Going back to the tangible items, have the child form two columns of ten items, and a column of four items to the right of the column of ten so that the combined columns symbolize twenty-four items in a problematic structure. There should be a space between the twenty-four items and the four items. The column of seven items should be below the column of four.
Next have him/her “borrow” one of the columns of ten items by placing them closer to the column of four items. Tell the child to count the items. After the correct number, fourteen, has been totaled, ask if he/she can take seven items away from fourteen items and how many will be left. Let him/her perform the process of moving seven items from the ones column. After the questions have been answered and it has been established that seven items will be left, ask why he/she was able to take seven away from fourteen. Child should answer fourteen is more than seven. Transfer this concept to the math problem on paper.
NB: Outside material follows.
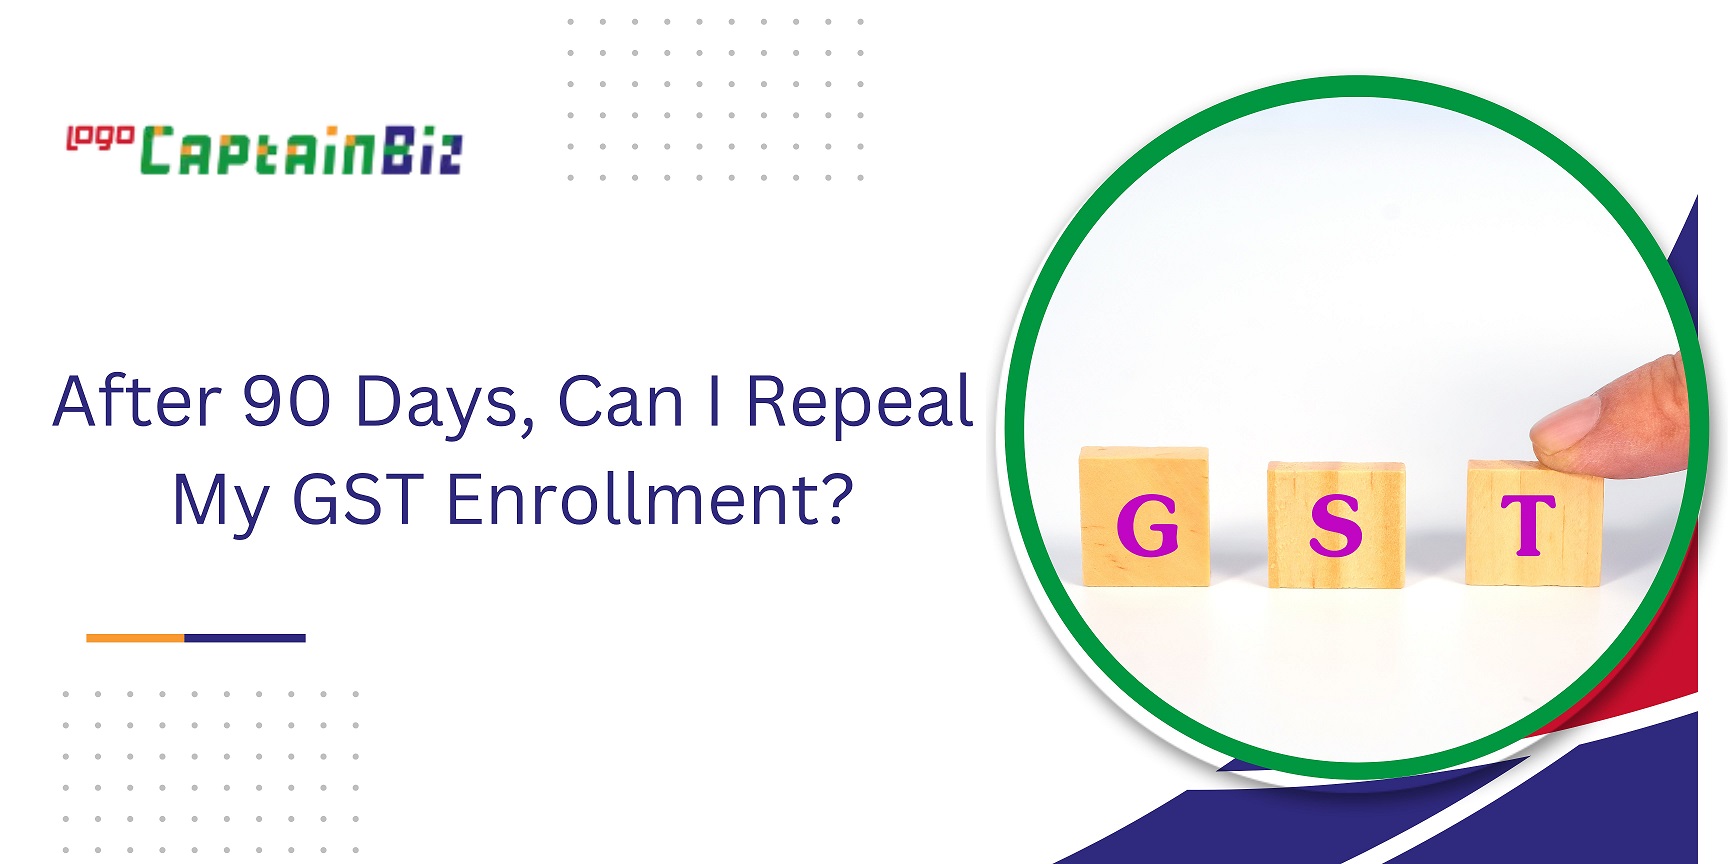 CaptainBiz: After 90 Days, Can I Repeal My GST Enrollment

Reiterate the fact that you are going to “borrow” ten from the tens column. Draw a diagonal line through the number two; this is called “crossing out”. Place a one about one half the size of the four just to the upper left of the number four. Have the child do the same. Reiterate the fact that you have “borrowed” ten from the tens place; and ten plus the four that were already there makes fourteen. Make sure the child understands that there are now fourteen invisible items in the ones column where there used to be only four.
Place a small number one next to the crossed out number two. Have the child do the same. Ask how many invisible items are left in the tens column. Although there is only a numeral one in this column now, the correct answer is, there are ten invisible items left-this is the tens column. Numbers in the tens column are in degrees of ten. To reinforce this concept, return the child’s attention to the items on the table. Ask how many tangible items are left in the column that used to be twenty after you borrowed ten of the items and gave them to the four. The answer should be ten.
Ask how much will be left after you take seven from the fourteen. After the correct answer, seven, has been established, you and the child write the answer, seven, below the horizontal line, just below the number four. Now, you and the child bring down the one that is remaining in the tens column and place it next to the seven below the horizontal line on your papers. Tell the child there are zero items to add to the one in the tens column.
NOTE: A “0” may be placed to the left of the seven, just below the initial number in the tens column-in this case, number 2-to help the child understand there are zero tens available to subtract from the one.
These simple tips should make carrying and borrowing a cinch once children master them. Start using two numerals at the “tops” and at the “bottoms” of problems after the child conquers these basics of adding or taking away one numeral. Eventually, the child will be able to add or subtract three, four, and more numerals in a row; and to “add” three, four and more “rows” of numbers.